# 127.0.0.1 Sweet 127.0.0.1



## ajs1976 (Apr 15, 2005)

I saw this in kaith's signature and had to groan.  Any other Martial talk computer geeks in here with other sayings.

One I like is:  "There are 10 types of people in the world.  Those who understand binary and those who don't"


----------



## Bob Hubbard (Apr 15, 2005)

:rofl:  Hey, I'm a geek.  I admit it.
I just don't wear the uniform anymore....they revolked my pocket protector after I had my eyes lasered.


----------



## BrandiJo (Apr 15, 2005)

ok so someone wanna tell me what it is ...im one of thsoe who dont know binary (sp??) or even what that is


----------



## Bob Hubbard (Apr 15, 2005)

127.0.0.1 is the address for "localhost".  Basically, it's you, to you, on a network.

10 is binary (base 2) notation for the number 2.  Each position can only be 0 or 1.
0 = 0
1 = 1
10 = 2
11 = 3
100 = 4
101 = 5
110 = 6
111 = 7
1000 = 8
etc.


----------



## Andrew Green (Apr 15, 2005)

BrandiJo said:
			
		

> ok so someone wanna tell me what it is ...im one of thsoe who dont know binary (sp??) or even what that is


 01010001011100011100 = Binary

 0's and 1's

 So for numbers it is base 2

 0 = 0
 1 = 1
 10 = 2
 11 = 3
 100 = 4
 1000 = 8
 10000 = 16

 etc.


----------



## BrandiJo (Apr 15, 2005)

fun stuff i think?


----------



## Andrew Green (Apr 15, 2005)

Bugger, he beat me too it.

 umm...

 Let's add hexadecimal to add to the confusion 

 Base 16

 0 = 0
 1 = 1
 9 = 9
 A = 10
 F = 15
 10 = 16
 FF = 255


----------



## BrandiJo (Apr 15, 2005)

ok again fun stuff that i will pry never remember or use


----------



## Bob Hubbard (Apr 15, 2005)

Umm..Base 8?

1=1
7=7
10=8
17=15
20=16
30=24

LOL!!!!


----------



## Bob Hubbard (Apr 15, 2005)

Geek Poetry

roses are #FF0000
violets are #0000FF
all my base
are belong to you 



"When you find yourself in the company of a halfling and an ill-tempered Dragon, remember, you do not have to outrun the Dragon......you just have to outrun the halfling."



Oh, and prettymuch anything from http://www.thinkgeek.com

:rofl:


----------



## Andrew Green (Apr 15, 2005)

Kaith - 

 Back on topic ,

 "The box said 'Requires Windows 95 or better'. So I installed LINUX.  "

 "There is only one satisfying way to boot a computer."

 "If at first you don't succeed; call it version 1.0"

 "Roses are #FF0000
Violets are #0000FF"

 "In a world without fences and walls, who needs Gates and Windows?  "

 Also seen "There's no place like 127.0.0.1  "


----------



## OUMoose (Apr 15, 2005)

Andrew Green said:
			
		

> "In a world without fences and walls, who needs Gates and Windows? "


LOL!  I like that.


----------



## Andrew Green (Apr 15, 2005)

How about:  "The more Gates and windows you have, the the more ways there are to break into your house"


----------



## rutherford (Apr 15, 2005)

I've always had a soft spot for the various "Things you might hear if you had a Klingon programmer" lists.

Since I'm doing mostly QA management at my current contract, I've been especially fond of these recently:

_
Debugging?
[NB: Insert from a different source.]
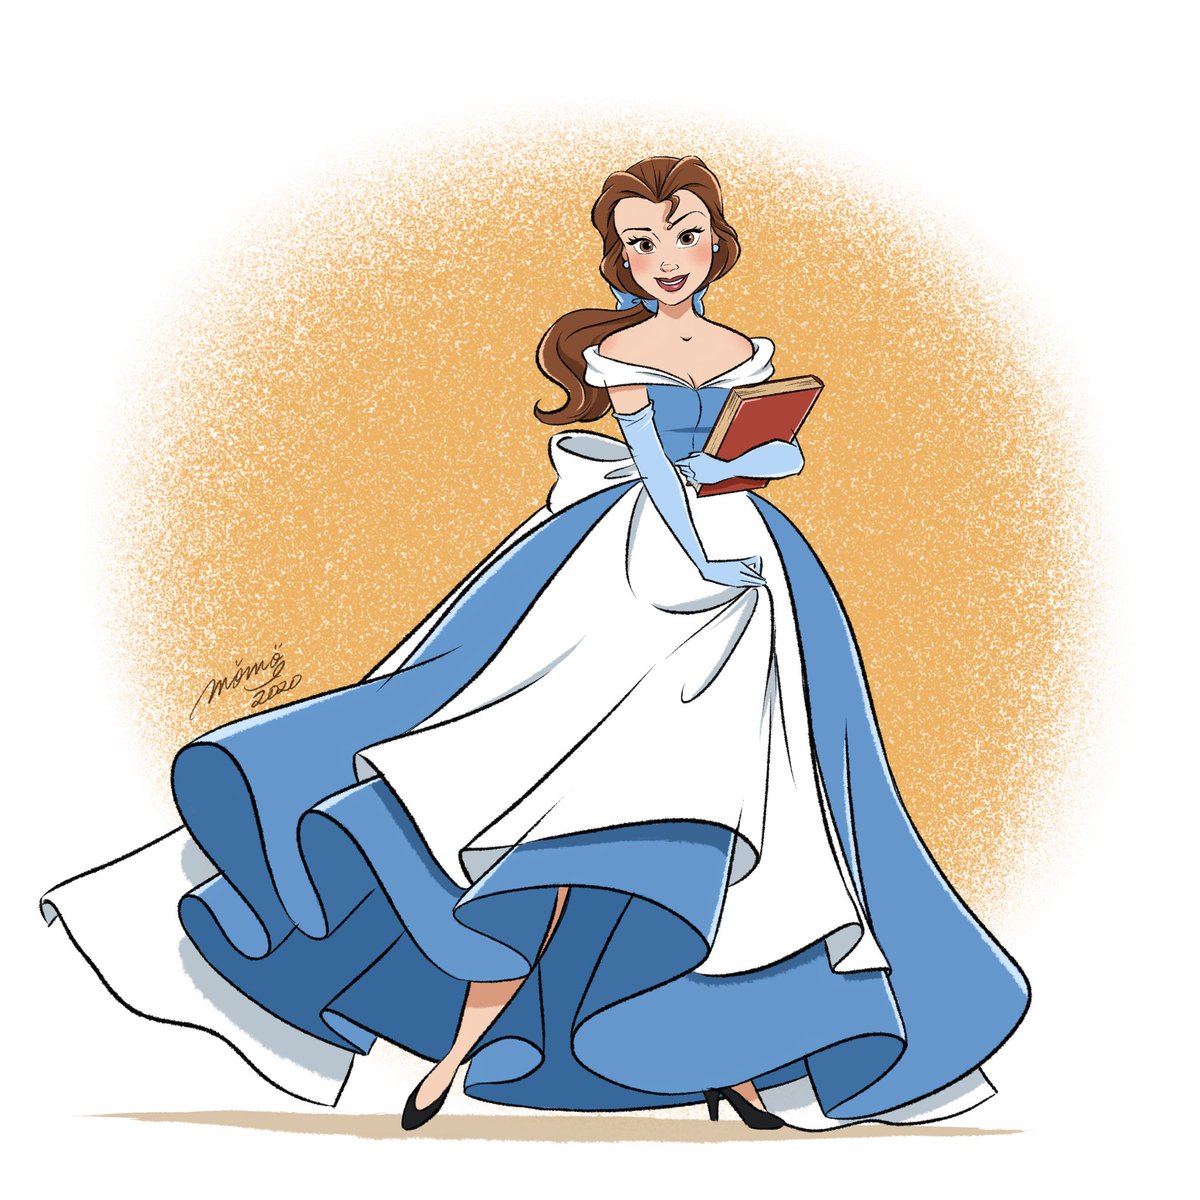 Duckymomo プリンセスになる前の衣装をイメージしたドレスを描いてみました Disney Disneyprincess Belle Cinderella ディズニープリンセス ベル シンデレラ ドレス

Klingons do not debug. Our software does not coddle the weak.

Our users will know fear and cower before our software! Ship it! Ship it and let them flee like the dogs they are!
_


----------



## PeachMonkey (Apr 15, 2005)

My current favorite is:

 "My other computer is your Linux box"


----------



## KenpoTess (Apr 15, 2005)

Ahhh 
Home Sweet Home


----------



## arnisador (Apr 15, 2005)

"The use of COBOL dulls the mind, and therefore its teaching should be banned as a criminal offense." -Edsgar Dijkstra


----------



## Kreth (Apr 15, 2005)

rutherford said:
			
		

> I've always had a soft spot for the various "Things you might hear if you had a Klingon programmer" lists.


My favorite:
What is this talk of 'release'? Klingons do not make software 'releases'. Our software 'escapes' leaving a bloody trail of designers and quality assurance people in its wake.

Jeff


----------



## BrandiJo (Apr 15, 2005)

Kreth said:
			
		

> My favorite:
> What is this talk of 'release'? Klingons do not make software 'releases'. Our software 'escapes' leaving a bloody trail of designers and quality assurance people in its wake.
> 
> Jeff


 thats awesome lol


----------



## Cryozombie (Apr 15, 2005)

Ya wanna talk geek do ya???

Here's a Picture of the Clock in my Livingroom.


----------



## Cryozombie (Apr 15, 2005)

BTW for the Binary challenged:

The Red one is displaying a time of 12:26, The Blue one says its 10:48


----------



## tsdclaflin (Apr 15, 2005)

My favorite oxymoron: "Microsoft Works"

The purpose of a software upgrade is to solve your past problems and to create your future ones.


----------



## Rich Parsons (Apr 17, 2005)

Kaith Rustaz said:
			
		

> Geek Poetry
> 
> roses are #FF0000
> violets are #0000FF
> ...





AWWW, Binary and Hex, and Oct, and then talking in colors . I am home and back in the old days. 

Thanks guys.

PS: Roses are #FF0000, I really always liked that one.  **Sniff**


----------